‘Ooit miste ik een vliegtuig door Mark Rothko.’
Zo begint Peter Delpeut zijn essay In de afgrond: Mark Rothko, opgenomen in de bundel Pleidooi voor het treuzelen: over verbeelding en andere genoegens. Peter Delpeut beschrijft hoe hij tijdens een eendaags verblijf in Londen een vriend met wie hij samen een film gaat maken over de western en het Amerikaanse landschap per se de Seagram murals wil laten zien.
‘Ik had de Rothko Room stilzwijgend in het researchdagje Londen ingepland, als een verrassing, iets intiems dat ik met mijn vriend wilde delen. Als je samen een film gaat maken, moet je je bloot durven geven. Ook nadat de ochtendvlucht met een fikse vertraging Londen had bereikt, zette ik het niet uit mijn hoofd. Nadenken over het Amerikaanse landschap kon volgens mij niet zonder de ervaring van de Seagram murals. Voor een van de donkerrode Rothko’s staan had iets van de Grand Canyon in kijken, verwondering en angst gingen daarin samen. Dat zou – zo had ik het bedacht – het slotakkoord van onze welbestede dag in Londen moeten zijn.’
Waar Peter Delpeut geen rekening mee heeft gehouden is dat de Seagram murals niet langer in de Tate Gallery maar in Tate Modern hangen.
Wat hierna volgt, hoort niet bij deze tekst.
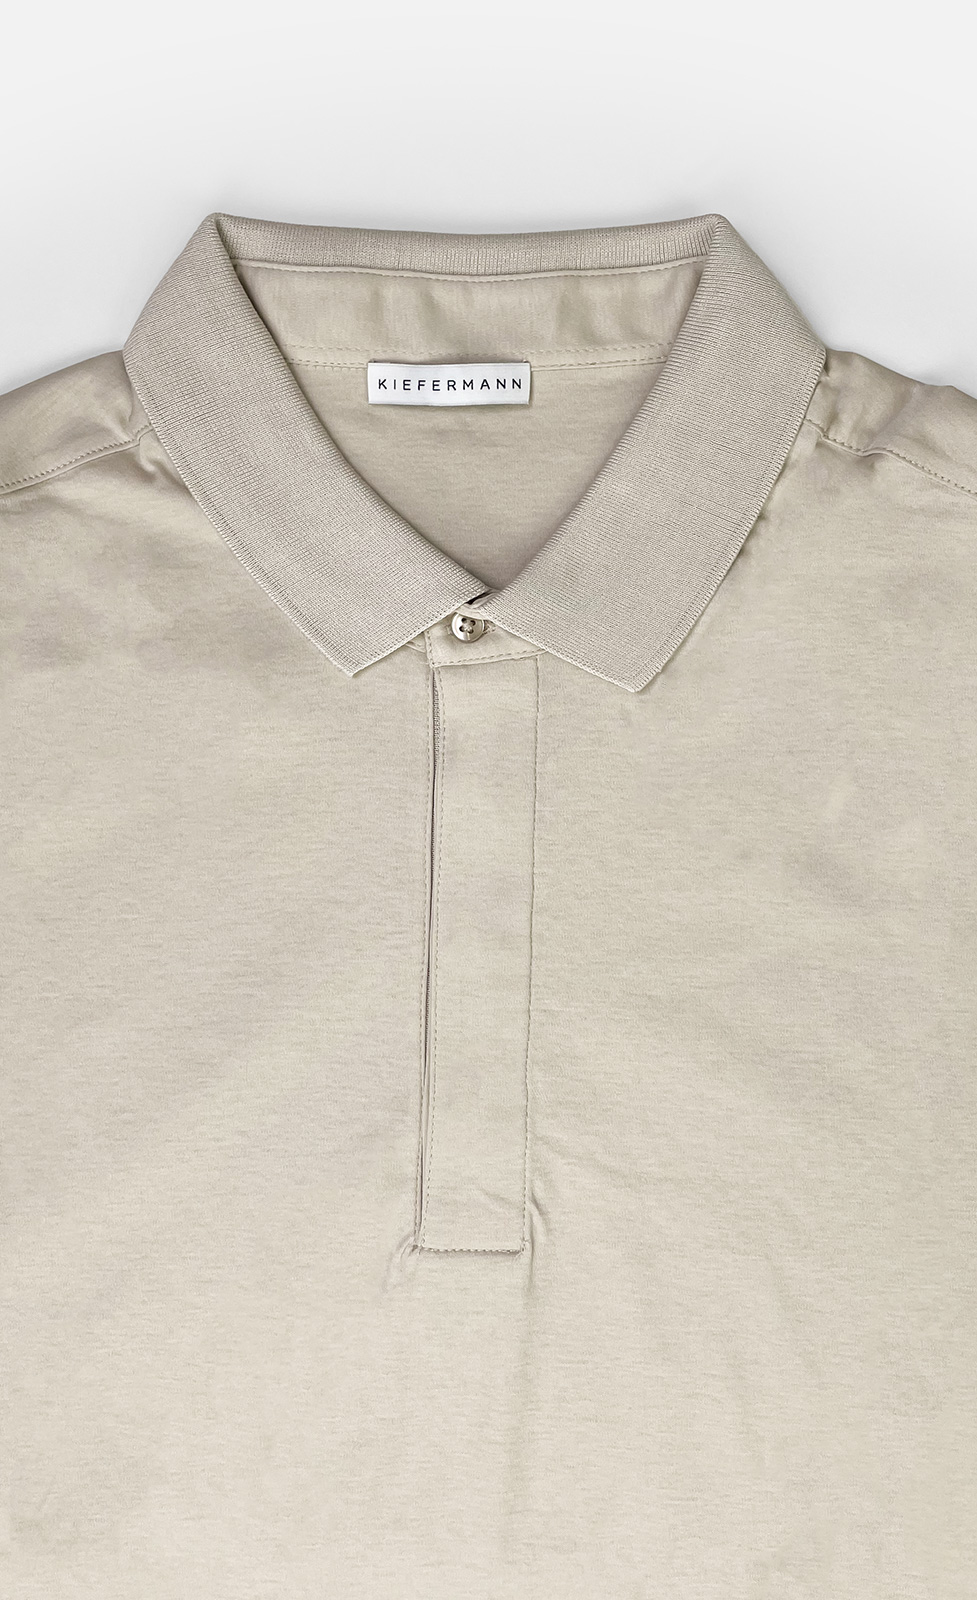 Wilson - Poloshirt aus merzerisierter Baumwolle

Het kost te veel tijd om de andere oever van de Thames te bereiken. Maar desastreuzer is het dat de Seagram murals er in Tate Modern heel anders bij hangen.
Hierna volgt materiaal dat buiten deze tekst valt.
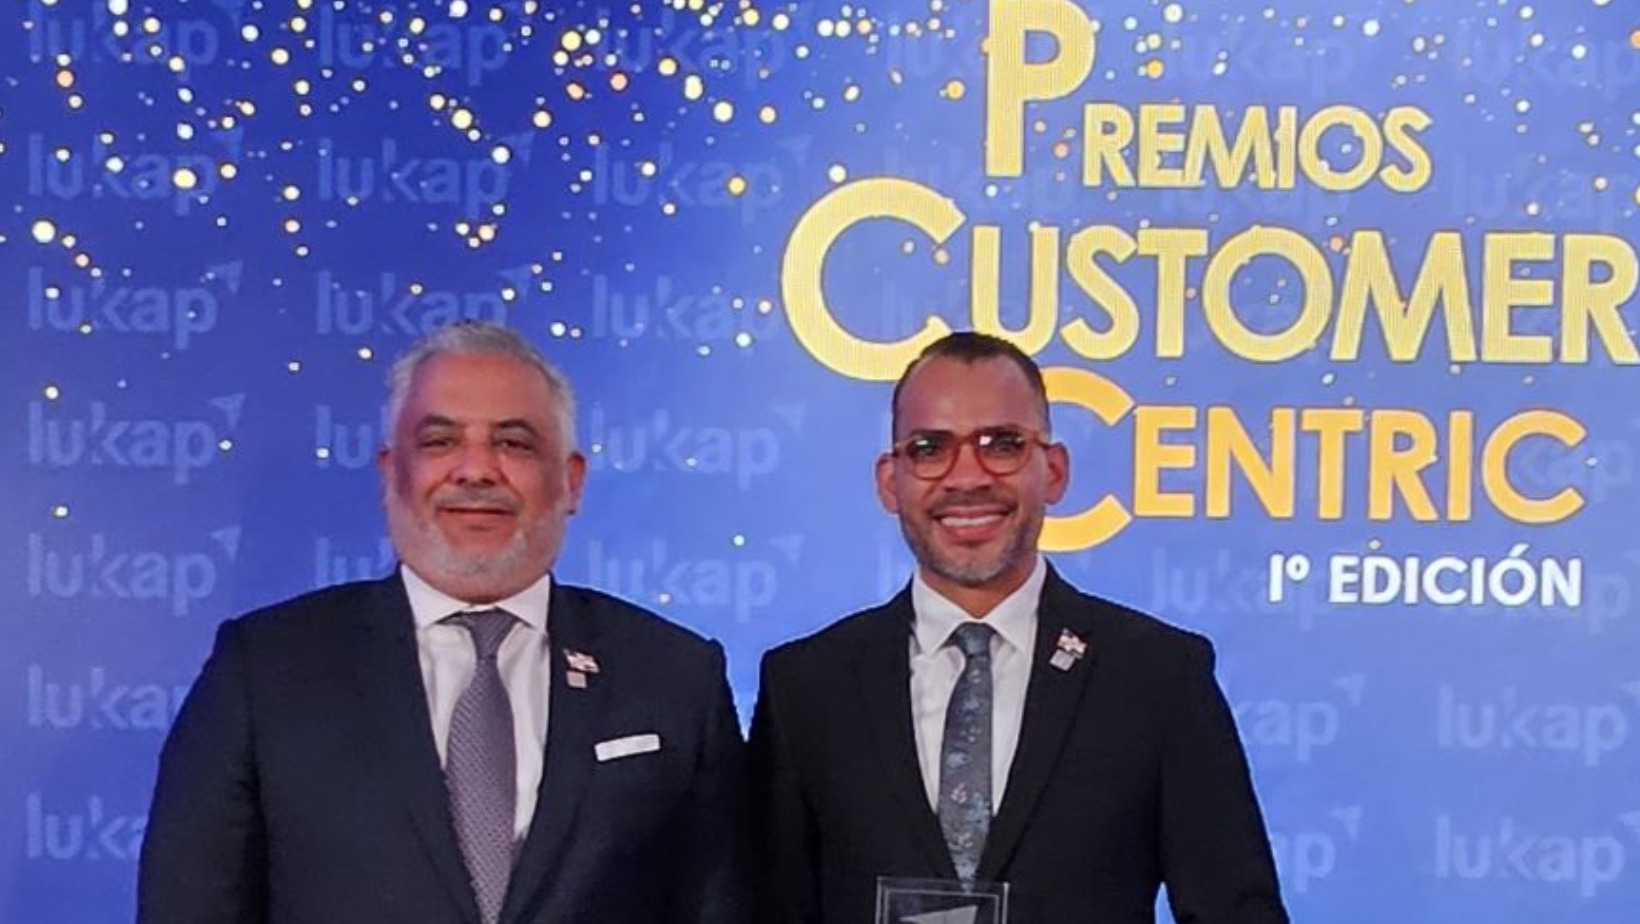 Seguros Reservas, primera aseguradora en América Latina galardonada en los premios Customer Centric

‘Mijn schrik kon niet groter zijn. Alle schilderijen hingen er, maar in een ambiance waarin alles te veel was: het licht te veel gedempt, de muren een tint te grijs, de doeken net iets te ver van elkaar gehangen.’
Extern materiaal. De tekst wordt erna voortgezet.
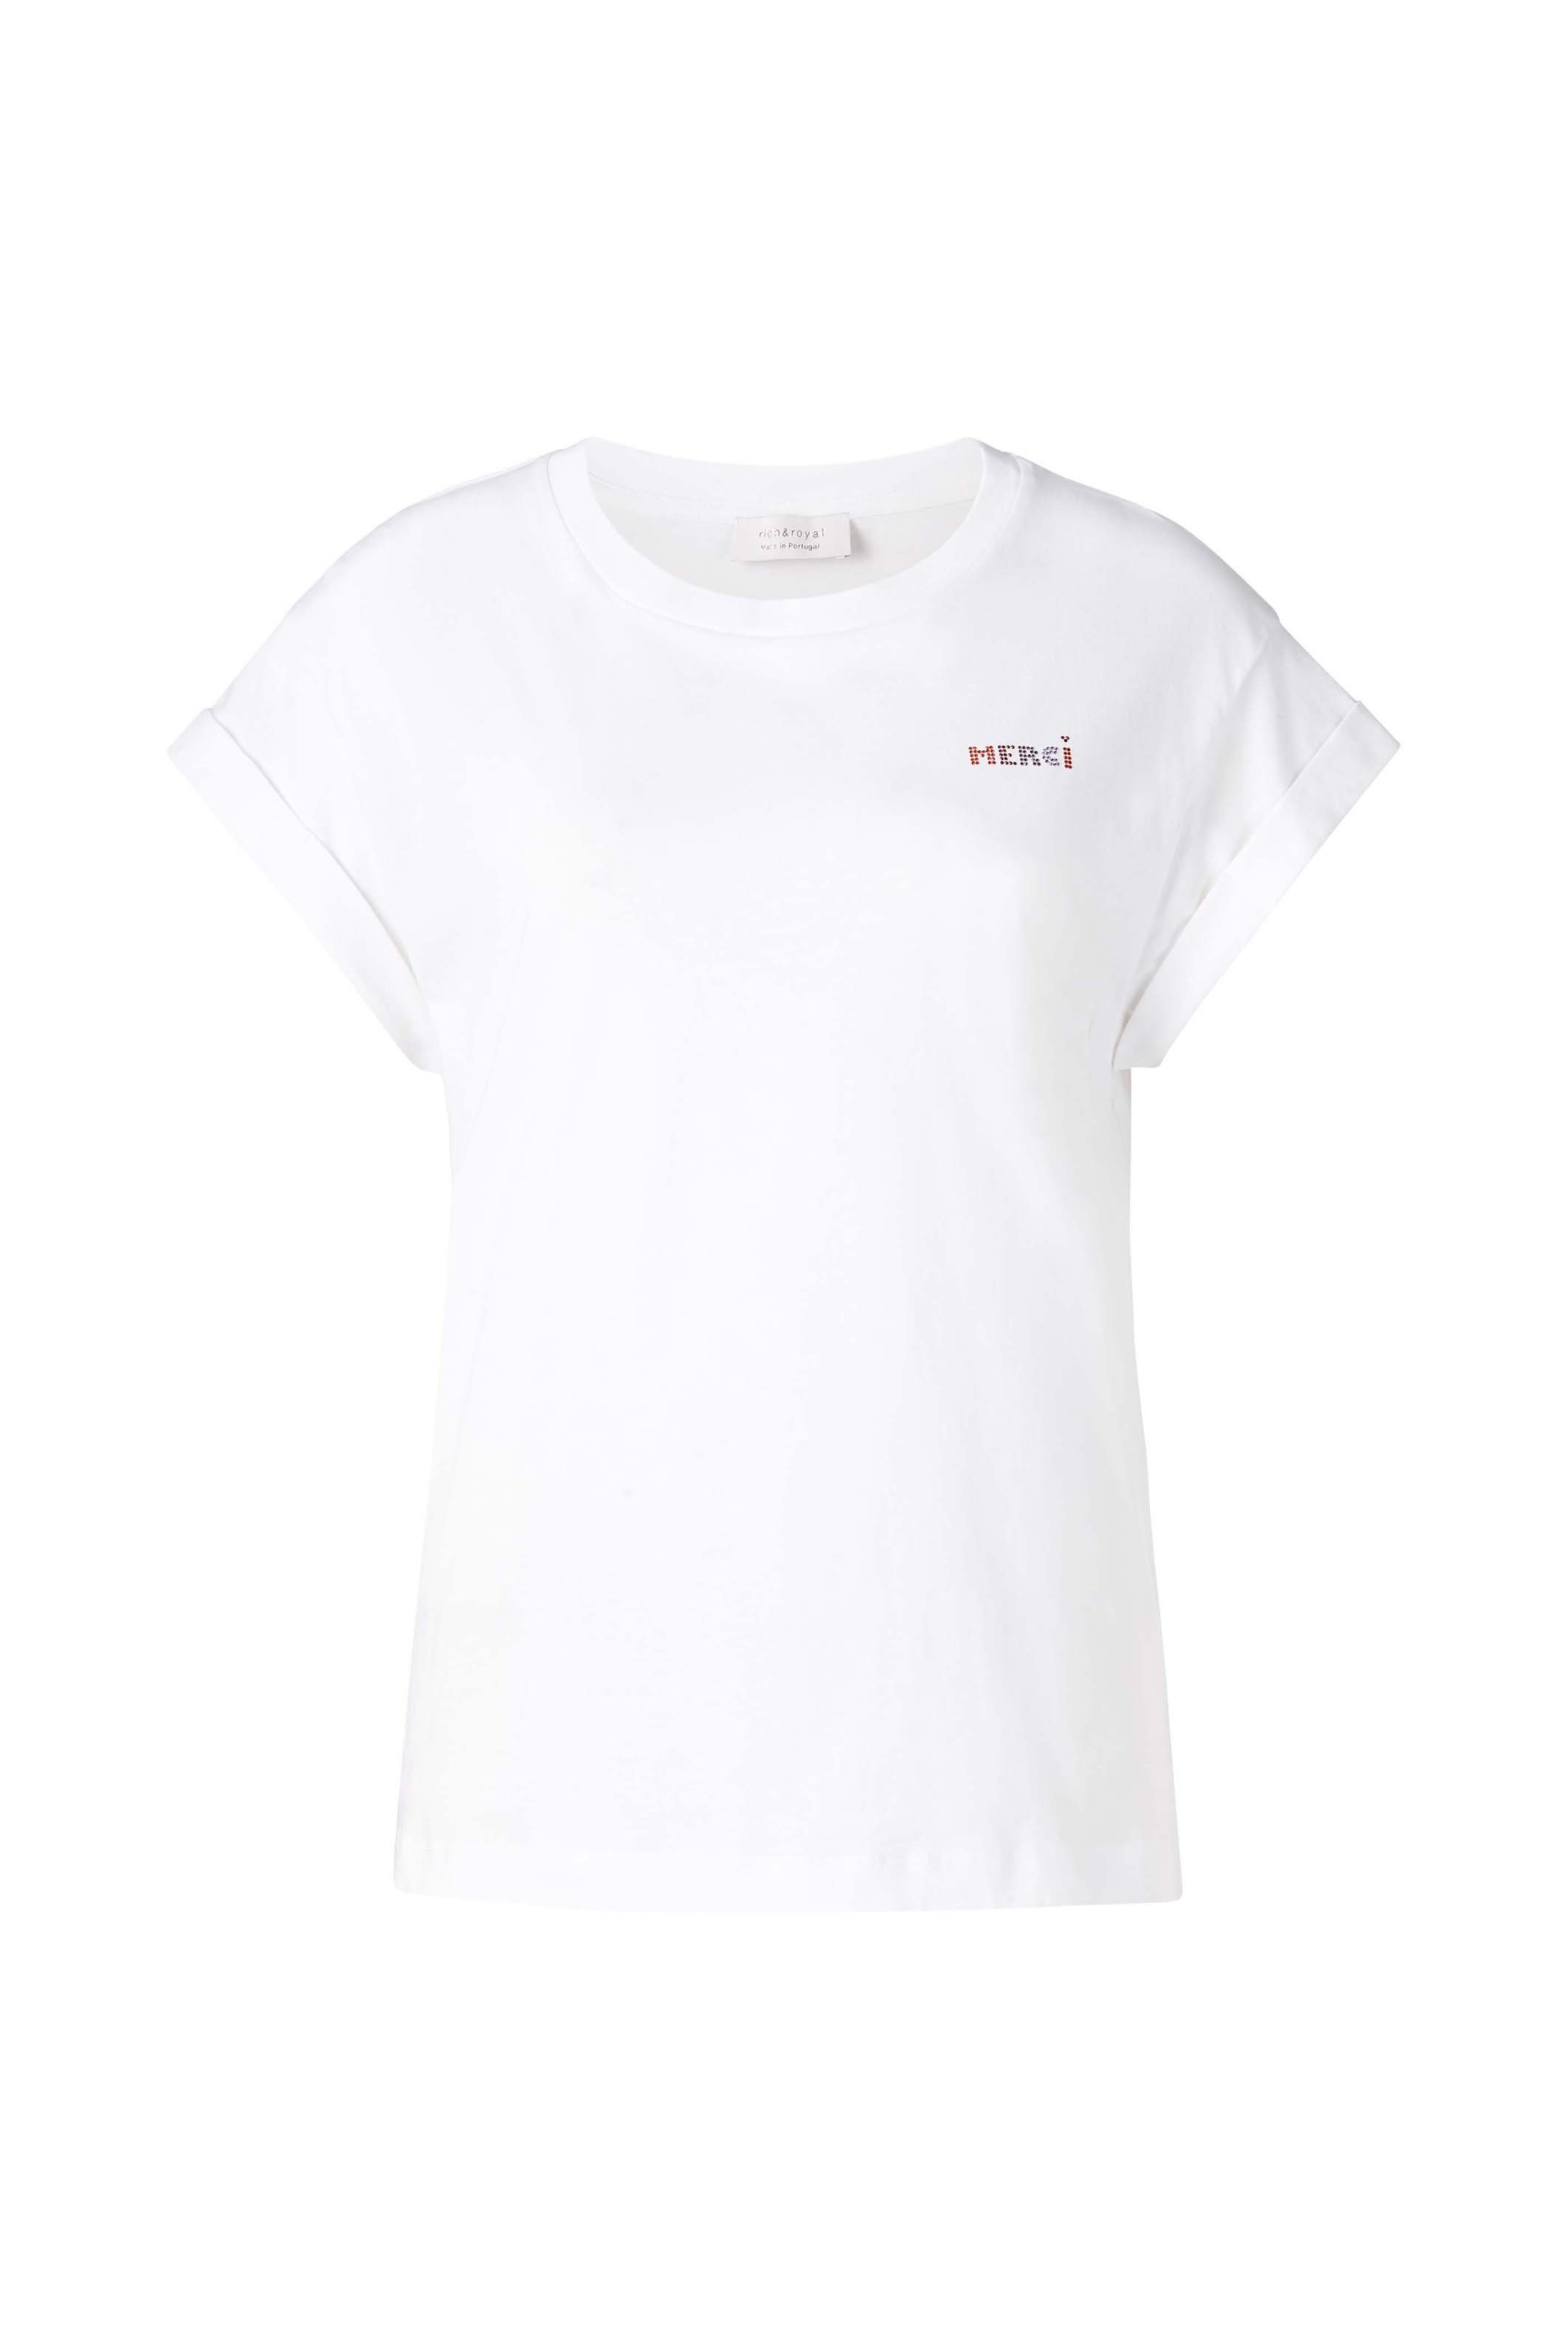 Rich & Royal in weiß Brusthöhe mit Glitzer-Print original T-Shirt

In de afgrond: Mark Rothko gaat niet alleen over wat Peter Delpeut met het werk van Mark Rothko heeft, maar ook of misschien wel vooral over de invloed van de manier van exposeren op de beleving van het werk van Rothko.
Na de Londense teleurstelling probeert Peter Delpeut het in Hamburg opnieuw. Daar gaat hij kijken naar een chronologisch geordende overzichtstentoonstelling, die begint met figuratief werk. Peter Delpeut vreest het ergste, maar gaandeweg geeft hij zich gewonnen. In Hamburg hebben ze het volgens Peter Delpeut heel goed begrepen.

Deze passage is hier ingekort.